In many ways, this chapter is designed to present vignettes of popular evaluation regimes throughout the early history of RLHF, so readers can understand the common themes, details, and failure modes.

Evaluation for RLHF and post-training has gone a few distinct phases in its early history:

Early chat-phase: Early models trained with RLHF or preference tuning targeted evaluations focused on capturing the chat performance of a model, especially relative to known strong models such as GPT-4. Early examples include MT-Bench [1], AlpacaEval [2], and Arena-Hard [3]. Models were evaluated narrowly and these are now considered as “chat” or “instruction following” domains.
Multi-skill era: Over time, common practice established that RLHF can be used to improve more skills than just chat. For example, the Tülu evaluation suite included tasks on knowledge (MMLU [4], PopQA [5], TruthfulQA [6]), Reasoning (BigBenchHard [7], DROP [8]), Math (MATH [9], GSM8K [10]), Coding (HumanEval [11], HumanEval+ [12]), Instruction Following [13], and Safety (a composite of many evaluations). This reflects the domain where post-training is embraced as a multi-faceted solution beyond safety and chat.
Reasoning & tools: The current era for post-training is defined by a focus on challenging reasoning and tool use problems. These include much harder knowledge-intensive tasks such as GPQA Diamond [14] and Humanity’s Last Exam [15], intricate software engineering tasks such as SWE-Bench+ [16] and LiveCodeBench [17], or challenging math problems exemplified by recent AIME contests.

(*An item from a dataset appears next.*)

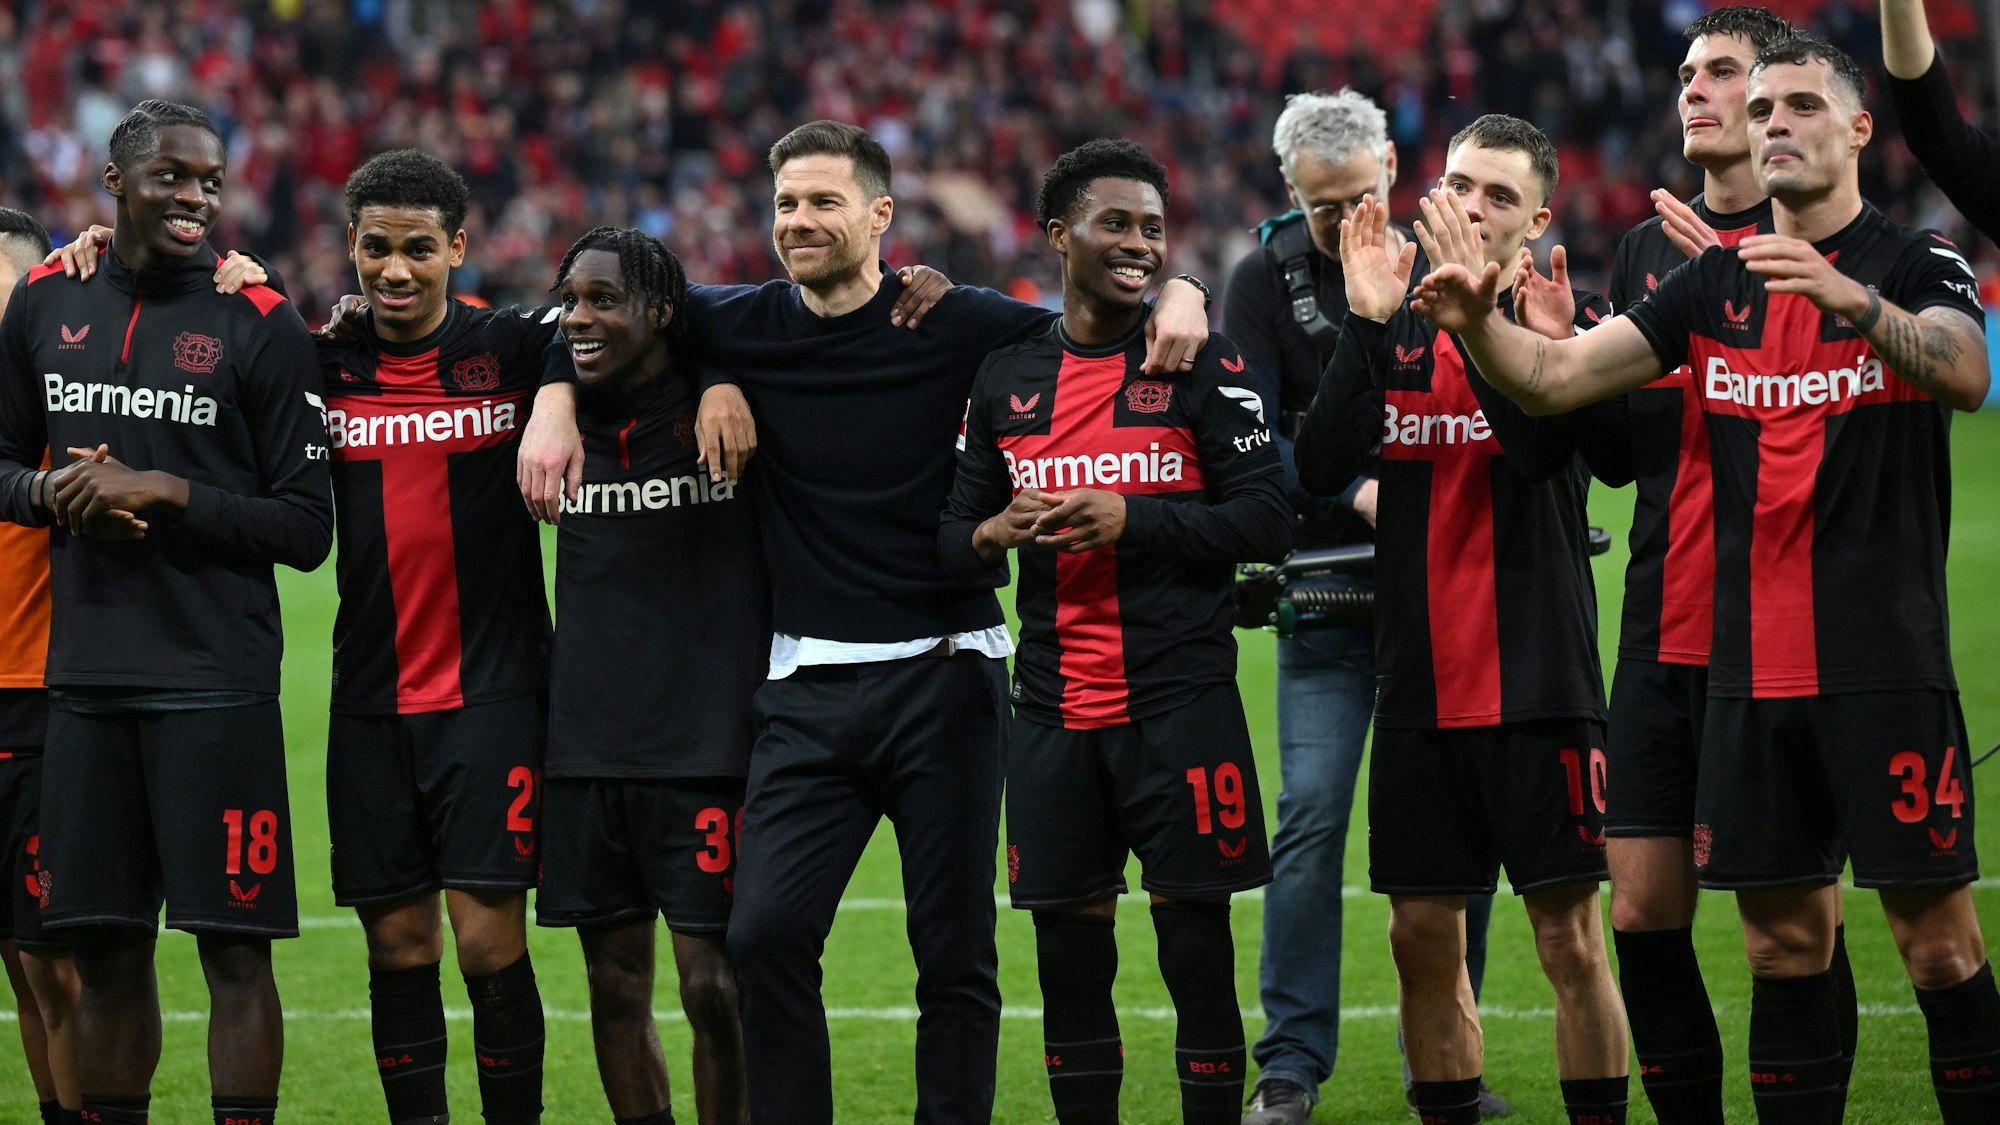 Xabi Alonso feiert nach dem Sieg von Bayer Leverkusen gegen die TSG Hoffenheim mit seinen Spielern Noah Mbamba, Amine Adli, Jeremie Frimpong, Nathan Tella, Florian Wirtz, Patrik Schick und Granit Xhaka.

Beyond this, new domains will evolve. As AI becomes more of an industrialized field, the incentives of evaluation are shifting and becoming multi-stakeholder. Since the release of ChatGPT, private evaluations such as the Scale Leaderboard [18], community-driven evaluations such as ChatBotArena [19], and third-party evaluation companies such as ArtificialAnalysis and Epoch AI have proliferated. Throughout this chapter we will include details that map to how these evaluations were implemented and understood.

Prompting Formatting: From Few-shot to Zero-shot to CoT

Prompting language models is primarily a verb, but it is also considered a craft or art that one can practice and/or train in general [20]. A prompt is the way of structuring information and context for a language model. For common interactions, the prompt is relatively basic. For advanced scenarios, a well crafted prompt will mean success or failure on a specific one-off use-case.

When it comes to evaluation, prompting techniques can have a substantial impact on the performance of the model. Some prompting techniques – e.g. formatting discussed below – can make a model’s performance drop from 60% to near 0. Similarly, a change of prompt can help models learn better during training. Colloquially, prompting a model well can give the subjective experience of using future models, unlocking performance outside of normal use.

Prompting well with modern language models can involve preparing an entire report for the model to respond to (often with 1000s of tokens of generated text). This behavior is downstream of many changes in how language model performance has been measured and understood.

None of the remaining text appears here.